The Chancellor, meanwhile, suggested that increased awareness explained the relentless rise in food bank use. He told the Treasury Committee in July last year:
“I think one of the reasons that there has been increased use of food banks is because people have been made aware of the food bank service through local jobcentres.”
The Government Chief Whip last September preferred to suggest that it was the fault of poor people themselves:
“There are families who face considerable pressures. Those pressures are often the result of decisions they have taken which mean they are not best able to manage their finances.”—[Official Report, 9 September 2013; Vol. 567, c. 682.]
Baroness Jenkin was forced to apologise just last week for suggesting that increased use of food banks was because:
“Poor people don’t know how to cook”.
Perhaps the most revealing quote is from the sneerer-in-chief himself, the Work and Pensions Secretary, who said in January this year:
“I think it’s a positive thing for people to use food banks”.
He went on:
“There are complex reasons why people use food banks but I think it’s excellent.”
So there we have it: it is part of this Government’s strategy to replace the social security safety net, which the Work and Pensions Secretary is demolishing. He is doing this in pursuit of the ambition of the Prime Minister and the Chancellor to take us back to levels of public service spending and provision not seen since the 1930s. It is part of this Government’s ideological obsession with shrinking the state to replace social security with charity. What a disgrace!
Only by tackling the cost of living crisis can we begin to see the numbers of people relying on food banks decline. If things are going to change, the country needs a Labour Government. We will legislate to freeze energy prices and reform the market to stop energy companies from ripping people off.
No! He has not even had the courtesy to be here for the beginning of the debate.
We will introduce a water affordability scheme to support customers who are struggling, and we will give the regulator tough new powers to curb the excesses of the water companies. We will abolish exploitative zero-hours contracts and incentivise companies to pay the living wage. That will also help to increase income tax receipts and boost economic growth.
Labour will take action on low pay by raising the minimum wage to £8 an hour. We will introduce a compulsory jobs guarantee to get young people and the long-term unemployed off benefits and into paid work. We will help get parents back into work, too, by guaranteeing 25 hours of free child care a week for three and four-year-olds, paid for by an increase in the bank levy.

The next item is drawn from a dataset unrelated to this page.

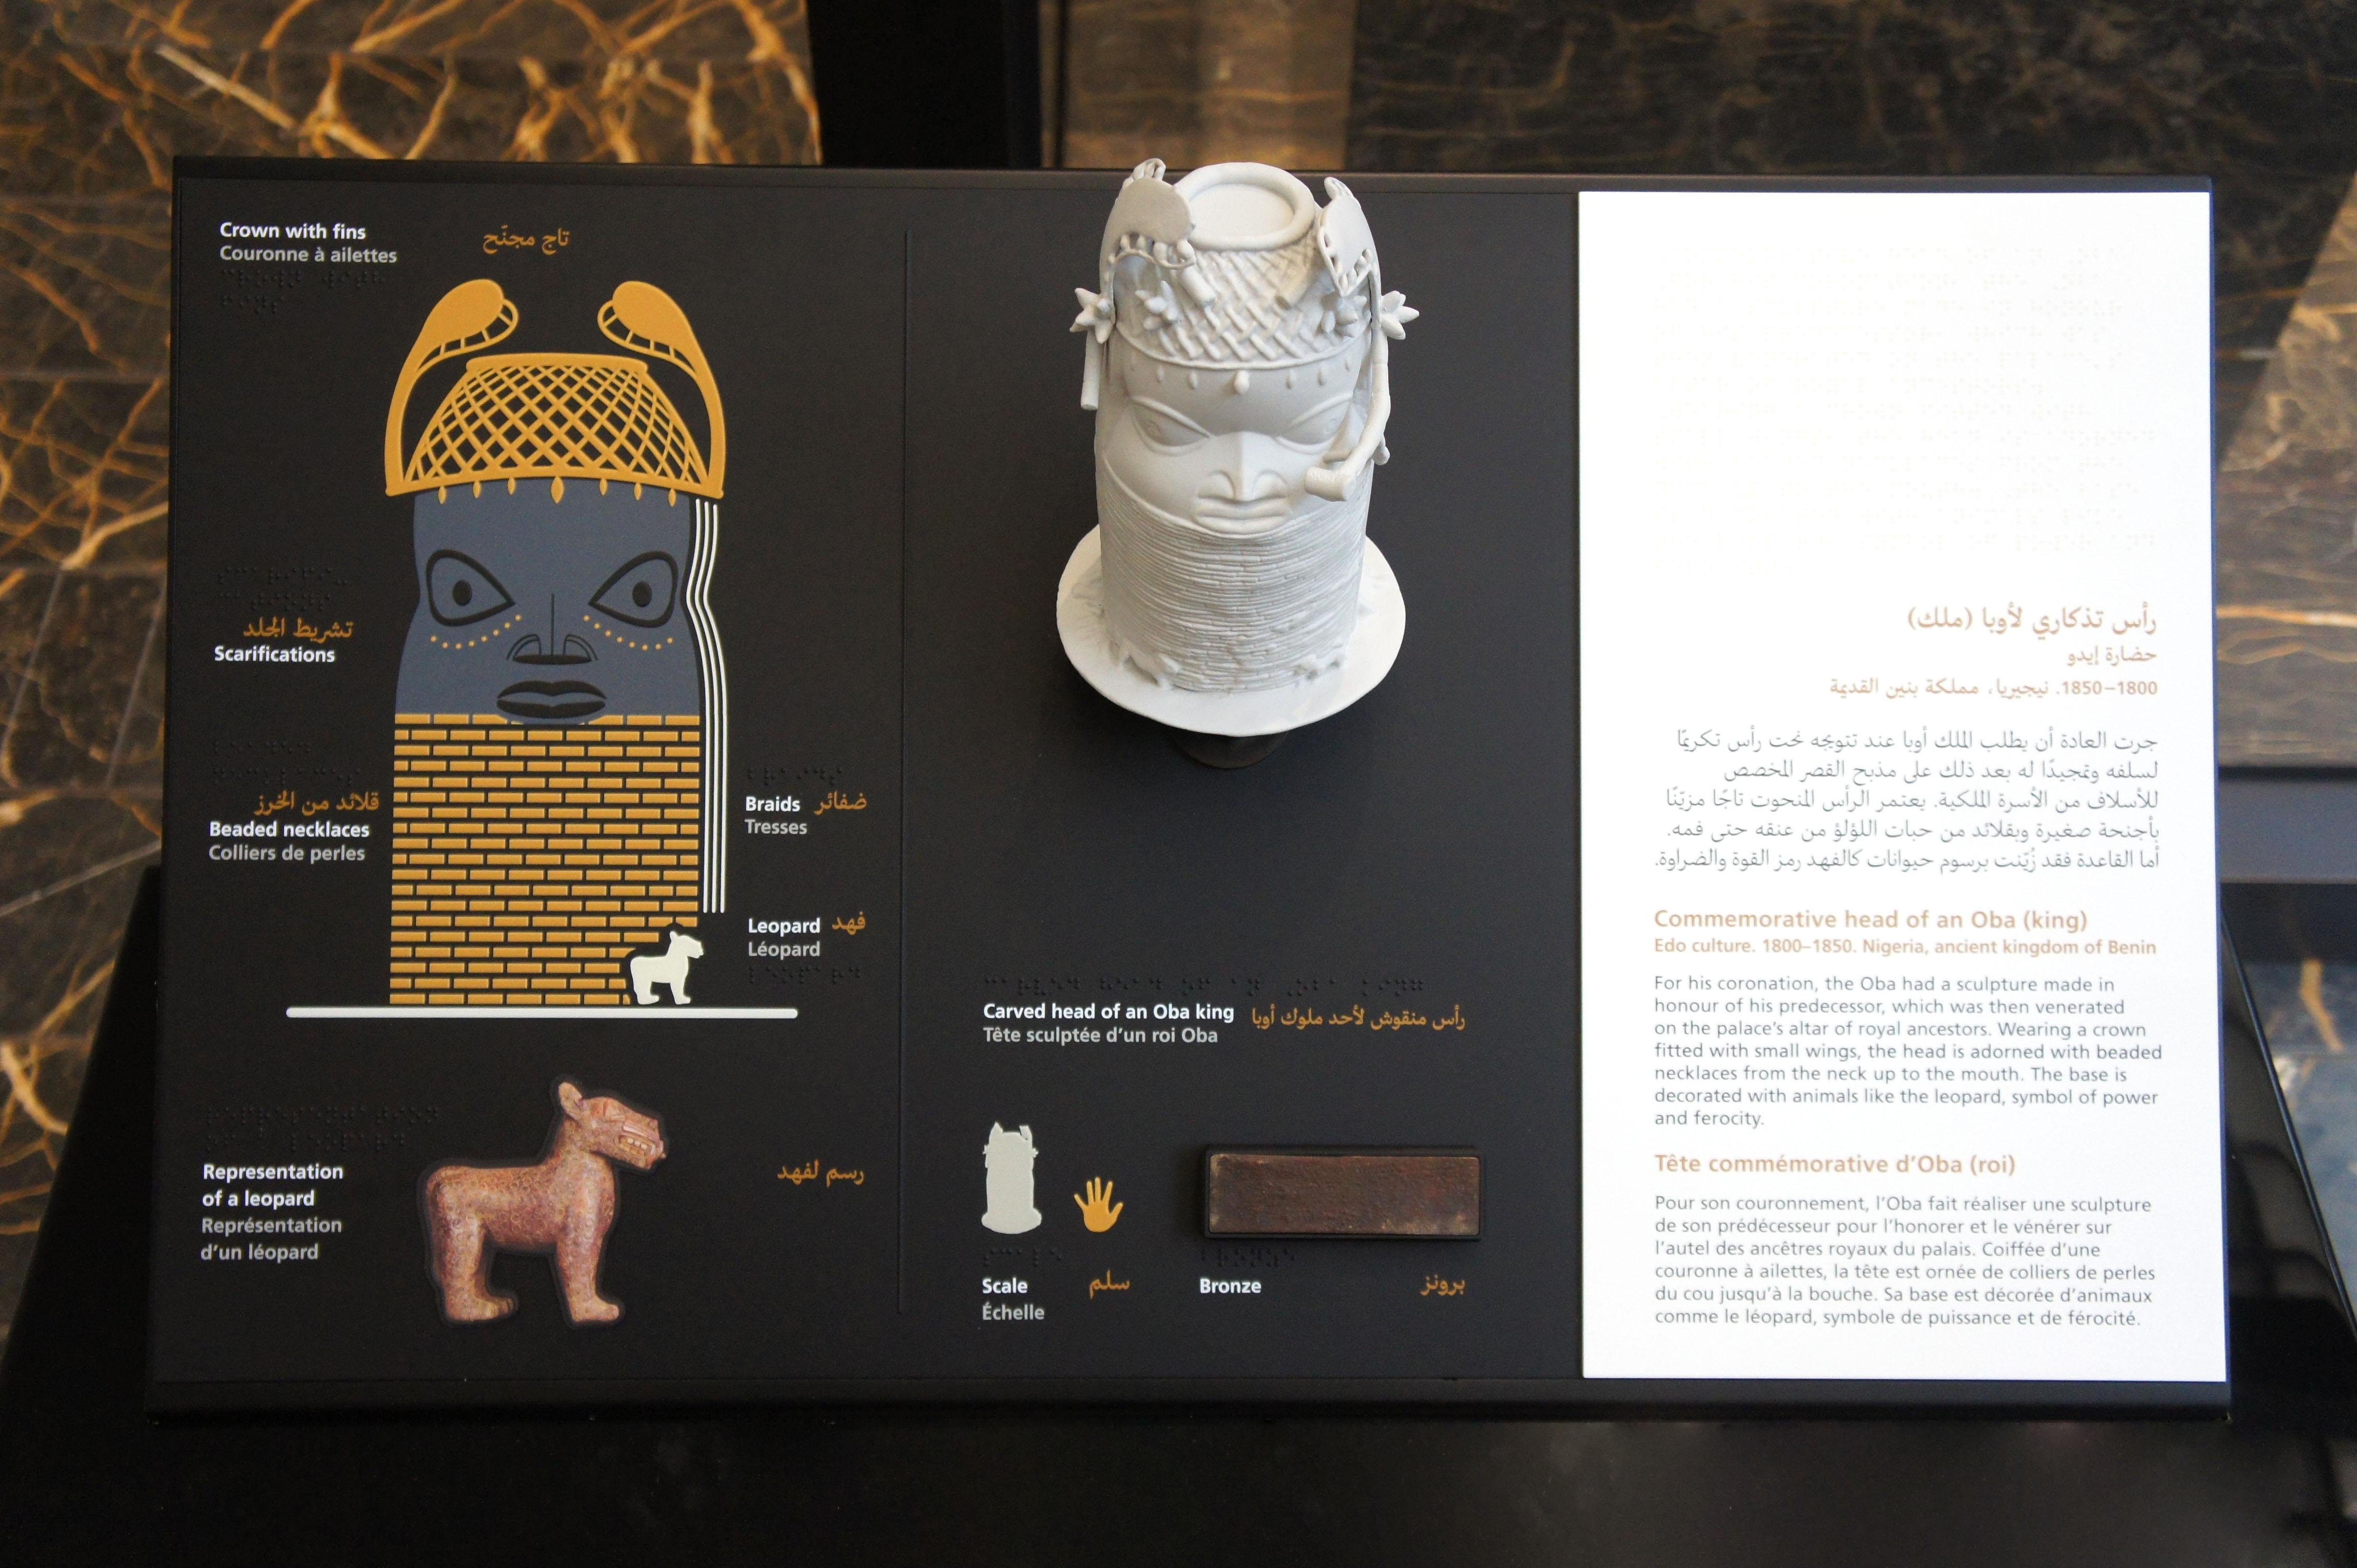 Station tactile Tête sculptée d'un roi Oba, Louvre Abu Dhabi, 2018

Labour will abolish the bedroom tax, address the huge delays in benefit payments and ensure that there are no more targets for sanctions in jobcentres. We will make housing affordable by increasing supply, building 200,000 homes a year by the end of 2020. We will support renters by introducing longer-term tenancies and banning rip-off letting fees.
That is how to tackle the cost of living crisis. That is how to build an economy that works for everyone instead of just a privileged few. That is how to reduce the number of people relying on food aid, and that is what the next Labour Government will do.